===== DATA TO USE =====

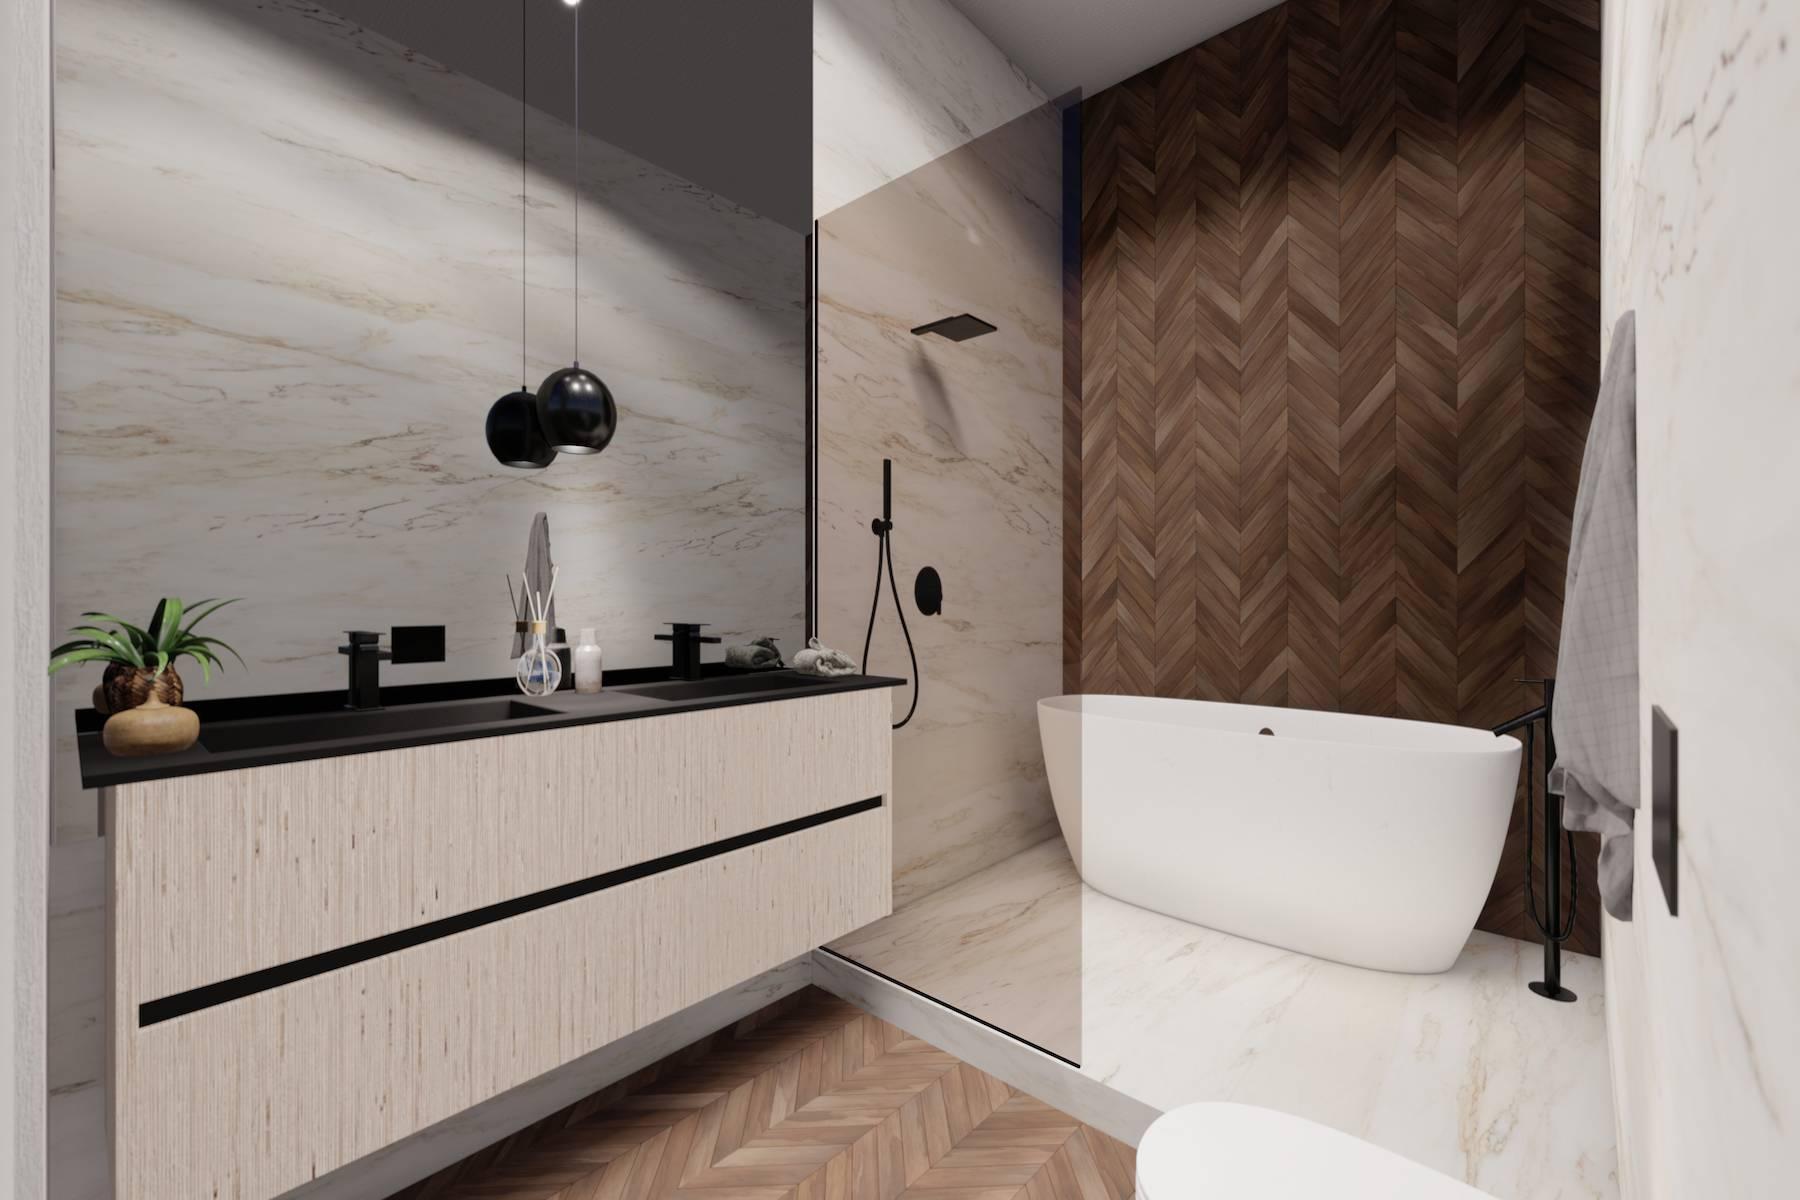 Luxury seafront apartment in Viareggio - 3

=====
===== DATA TO USE =====

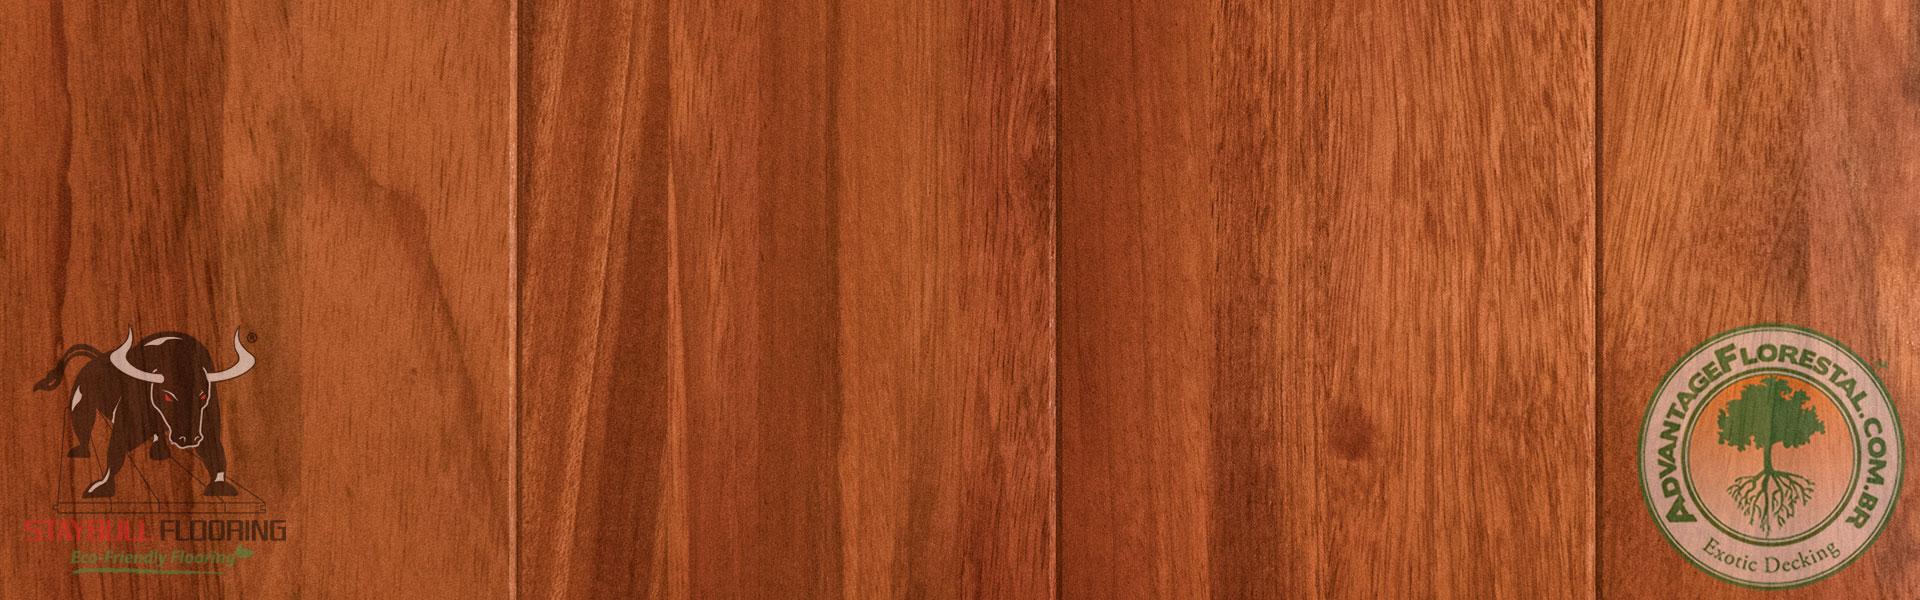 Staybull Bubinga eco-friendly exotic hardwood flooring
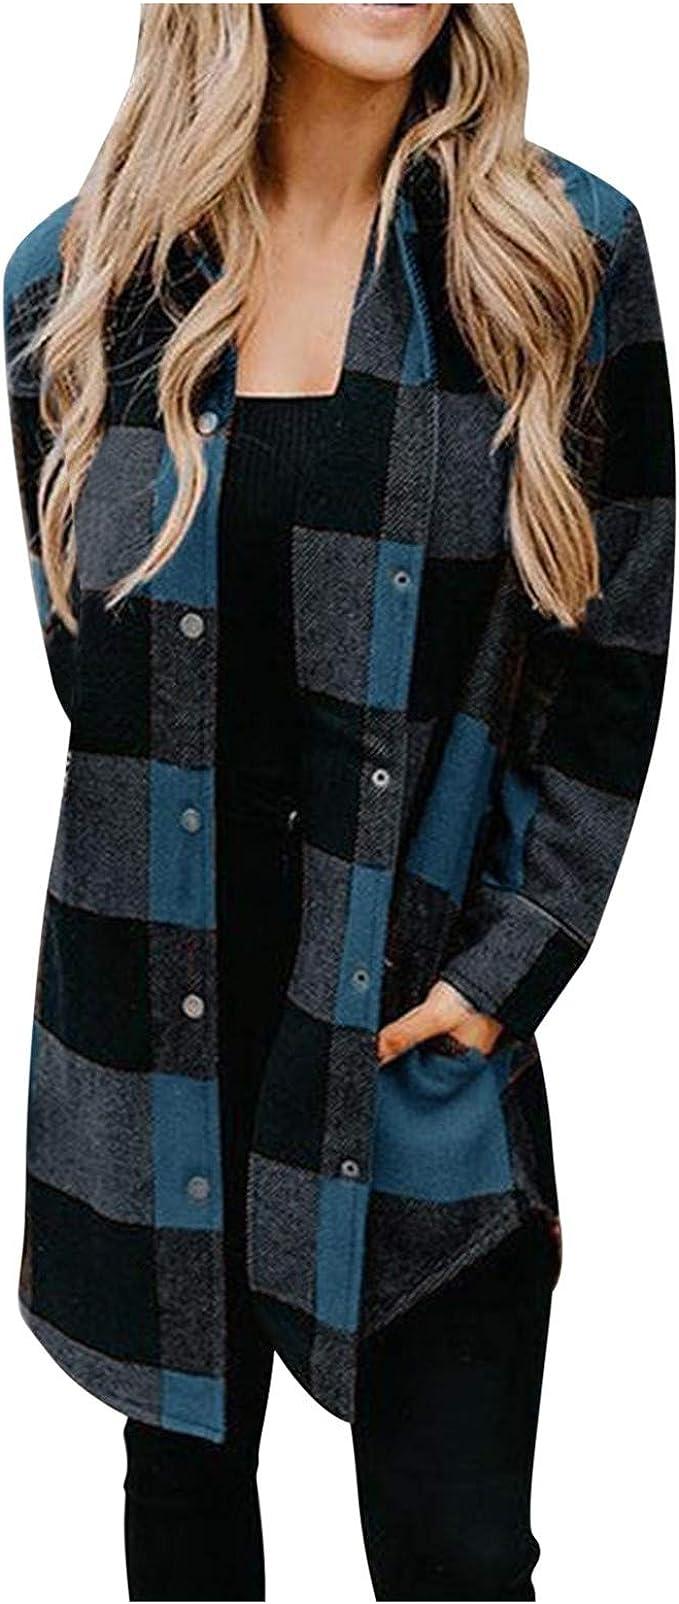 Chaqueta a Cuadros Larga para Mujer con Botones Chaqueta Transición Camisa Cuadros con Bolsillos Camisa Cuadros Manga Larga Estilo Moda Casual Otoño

=====
===== DATA TO USE =====

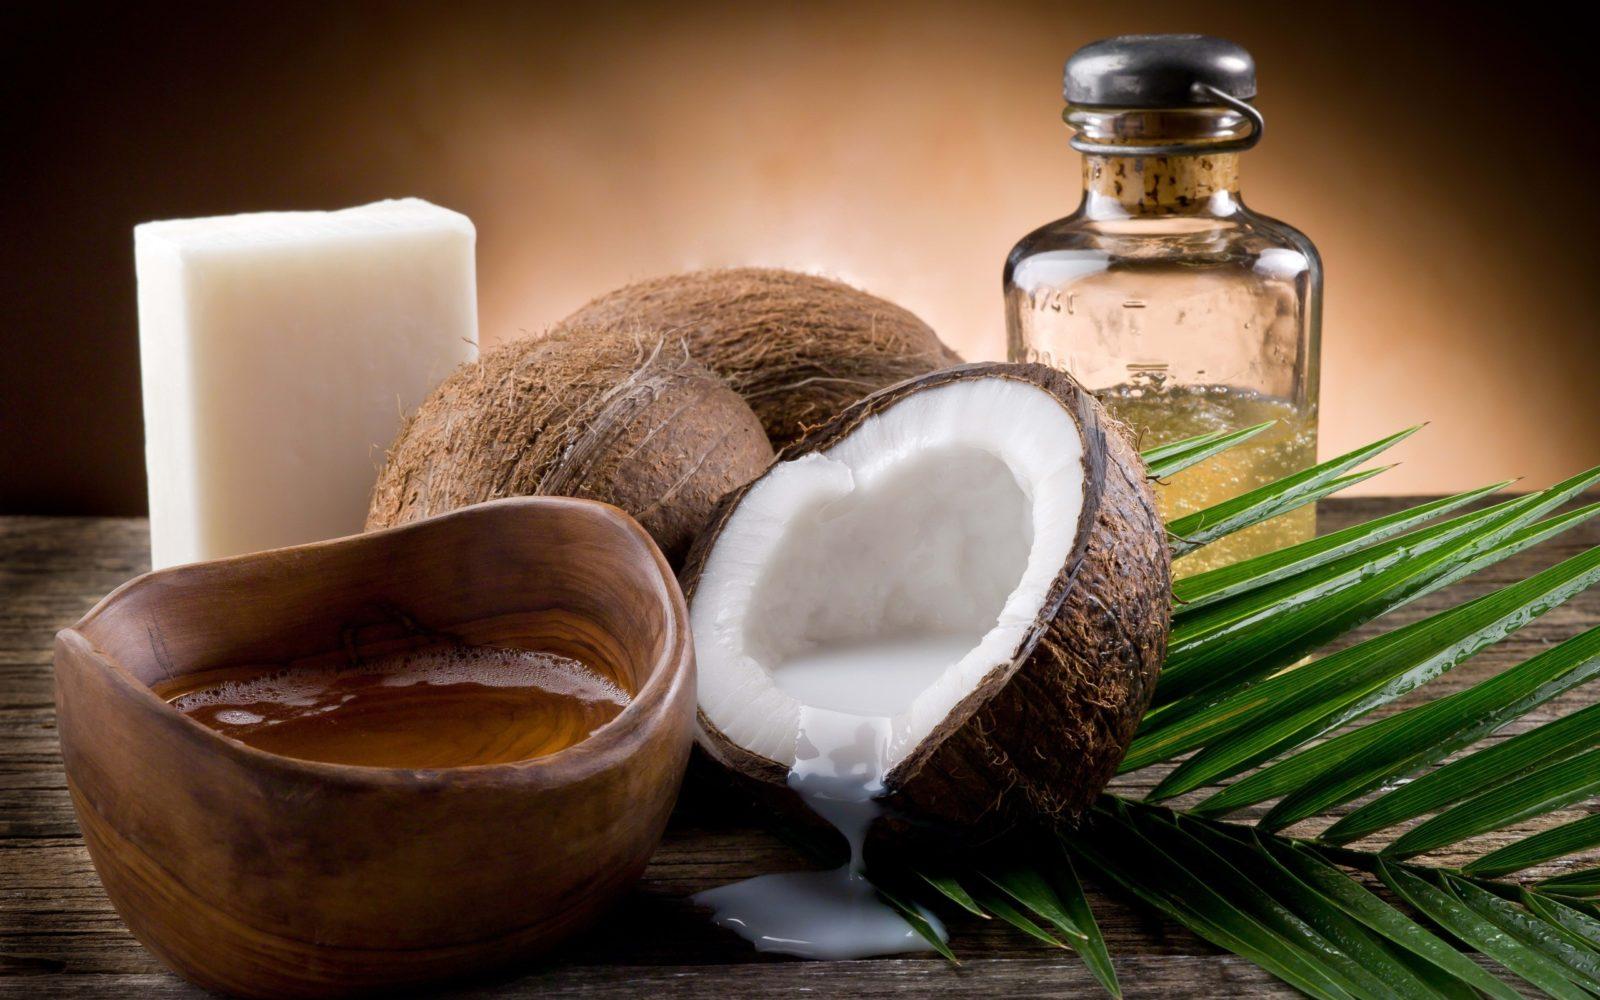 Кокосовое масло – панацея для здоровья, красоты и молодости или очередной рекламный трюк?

=====

In the entries above, find the line with "Staybull Bubinga eco-friendly" and the line with "Chaqueta a Cuadros". Return exactly those lines and all the ones between them, pictures excluded.

* **TASK SOLUTION**
 Staybull Bubinga eco-friendly exotic hardwood flooring
 Chaqueta a Cuadros Larga para Mujer con Botones Chaqueta Transición Camisa Cuadros con Bolsillos Camisa Cuadros Manga Larga Estilo Moda Casual Otoño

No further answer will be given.